Хризантемы цветут...
. . . . . . . . . . . . . . . . .
Все, что можешь ты _там_, все ты смеешь теперь
Ни мольбам, ни упрекам не верь!
. . . . . . . . . . . . . . . . .
Пока свечи плывут
И левкои живут,
Пока дышит во сне резеда
Здесь ни мук, ни греха, ни стыда...
Ты боишься в крови
Своих холеных ног,
И за белый венок
В беспорядке косы...
О молчи! Не зови!
Как минуты - часы
Не таимой и нежной красы.
. . . . .На ветвях,
. . . . . . . . . . . . . . . . .
В фонарях догорела мечта
Голубых хризантем...
. . . . . . . . . . . . . . . . .
Ты очнешься - свежа и чиста,
И совсем... о, совсем!
Без смятенья в лице,
В обручальном кольце.
. . . . . . . . . . . . . . . . .
Стрелка будет показывать _семь_...
Семейная жизнь Анненского осталась для меня загадкой. Жена его, рожденная Хмара-Барщевская, была совсем странной фигурой {Со своей будущей женой Н. В. Хмара-Барщевской (1841-1916), вдовой, имеющей двух сыновей от первого брака, И. Анненский познакомился летом 1877 года. Разница в возрасте (Надежда Валентиновна была на 14 лет старше) не помешала ему горячо влюбиться в будущую супругу, о которой, кстати, писали, что "она была когда-то прекрасная, слывшая красавицей светская женщина" (см.: А. В. Лавров, Р. Д. Тименчик, Иннокентий Анненский в неизданных воспоминаниях. - В кн: "Памятники культуры Новые открытия Ежегодник (1981)", М., 1983, с. 128). О дальнейшей их семейной жизни мемуаристы оставили прямо-таки контрастные воспоминания.}. Казалась гораздо старше его, набеленная, жуткая, призрачная, в парике, с наклеенными бровями; раз, за чайным столом, смотрю - одна бровь поползла кверху, и все бледное лицо ее с горбатым носом и вялым опущенным ртом перекосилось. При чужих она всегда молчала; Анненский никогда не говорил с ней. Какую роль сыграла она в его жизни? Почему именно ей суждено было сделаться матерью его сына, Валентина? Этот единственный сын, которого Иннокентий Федорович нежно любил, воспитал и образовал с большой заботливостью, был по облику своему, и духовному и внешнему, какой-то противоположностью отцу. Добродушный малый и всем сердцем ему преданный, но до удивления ничем его не напоминавший, ни наружностью, ни умом, ни манерой себя держать. Чтобы доставить удовольствие Иннокентию Федоровичу, я попробовал было поручить Кривичу какую-то рубрику в литературной хронике "Аполлона", но после первого же опыта пришлось отказаться от его сотрудничества (хоть я и сохранял с ним и его женой самые добрые отношения). После кончины отца Кривич выказал примерное рвение к его памяти, заботливо привел в порядок его писательское наследие, тщательно издал "Кипарисовый ларец". Не припомню я, однако, ничего написанного им ни до, ни после революции, что могло бы послужить для душевной биографии отца, а сам Анненский, если и говорил о своей сердечной скорби, то всегда полушутливо, из гордости, и как о чем-то исходящем из его "трансцендентной" печали.

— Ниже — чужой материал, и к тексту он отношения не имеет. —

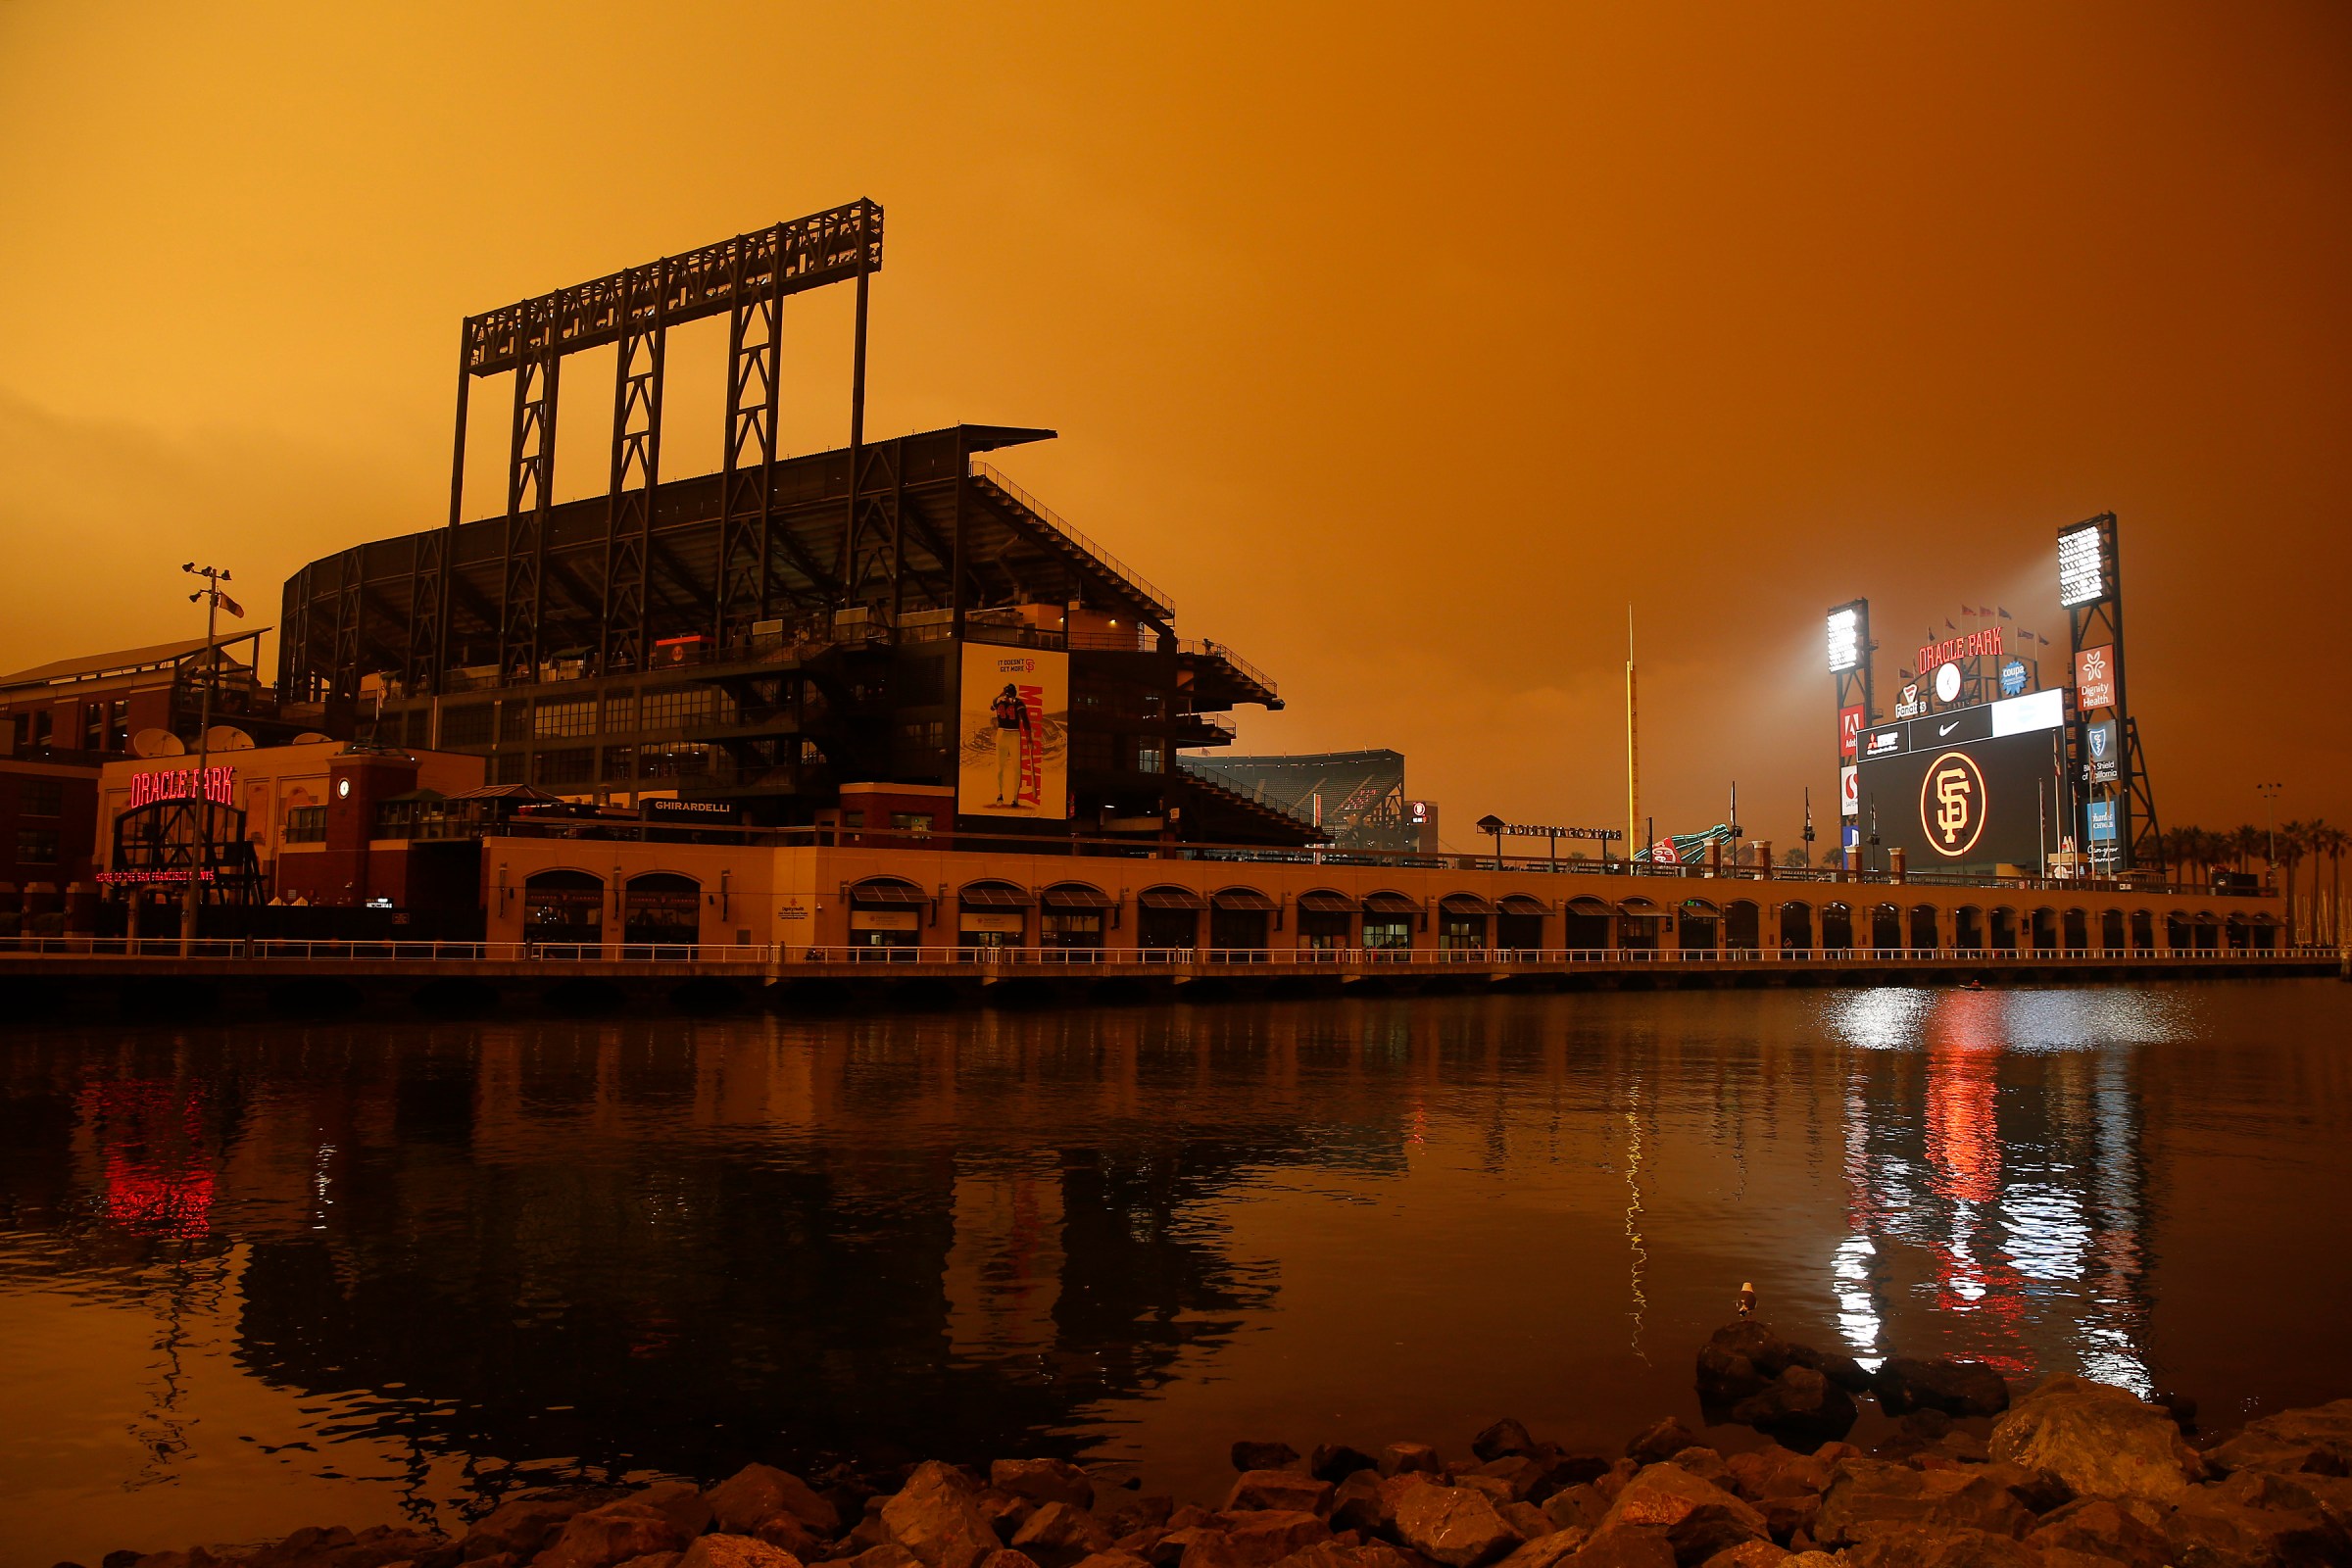 SAN FRANCISCO, CALIFORNIA - SEPTEMBER 09: An exterior view of the ballpark before the game between the San Francisco Giants and the Seattle Mariners at Oracle Park on September 09, 2020 in San Francisco, California. Smoke from various wildfires burning across Northern California has blanketed the city in an orange glow. (Photo by Lachlan Cunningham/Getty Images)
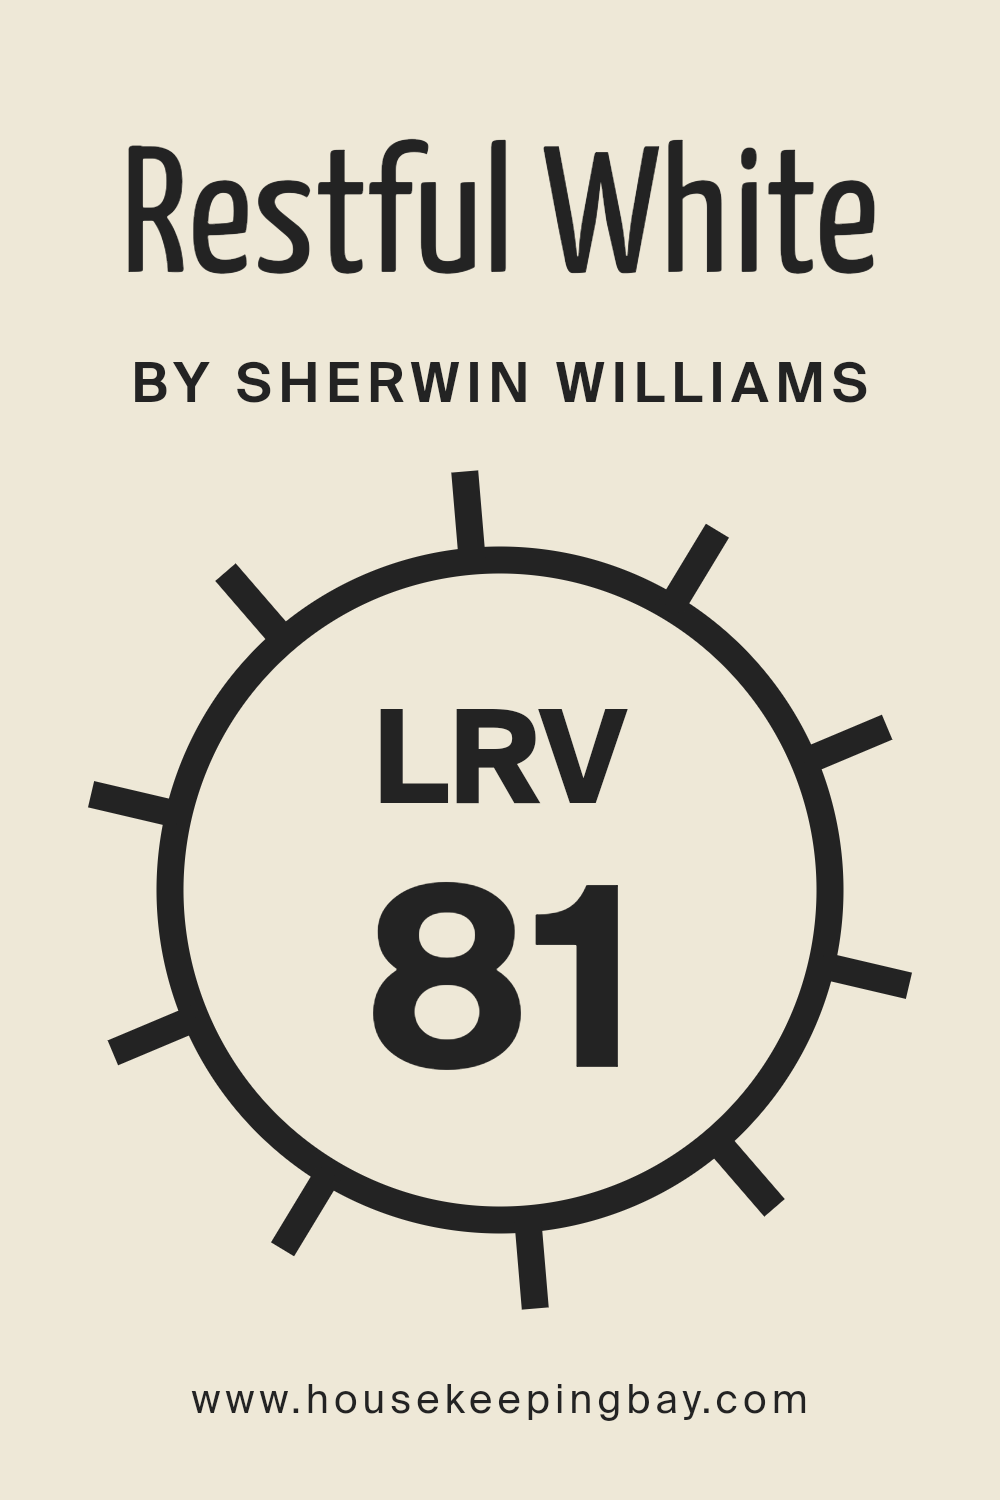 what_is_the_lrv_of_restful_white_sw_7563

Старые личные счеты с жизнью, неутоленный и затаенный эрос пронизывает и поэзию "Тихих песен", и "Кипарисового ларца", и "Книги отражений", и даже "Еврипида", не говоря уж об упомянутых трагедиях: "Лаодамия", "Царь Иксион", "Меланиппа - философ", "Фамира-Кифаред", - однако это не объясняет Анненского-творца, почти всегда говорящего не о себе только, но о тоске всех безверных, всех не победивших в себе рассудочной логики. Если же, от безверья, страдал он глубже и безнадежнее других, то оттого, что все сознавал сильнее и окончательнее, чем обыкновенные смертные. Во всяком случае, не от узко личных причин (от болезни, в частности) проистекала "траурность" Анненского, заставлявшая его пристально вчитываться в лермонтовского "Демона", в "Романцеро" Гейне, в "Гамлета" и другие произведения, отразившие тревогу и мятеж уязвленного и отчаявшегося сознания.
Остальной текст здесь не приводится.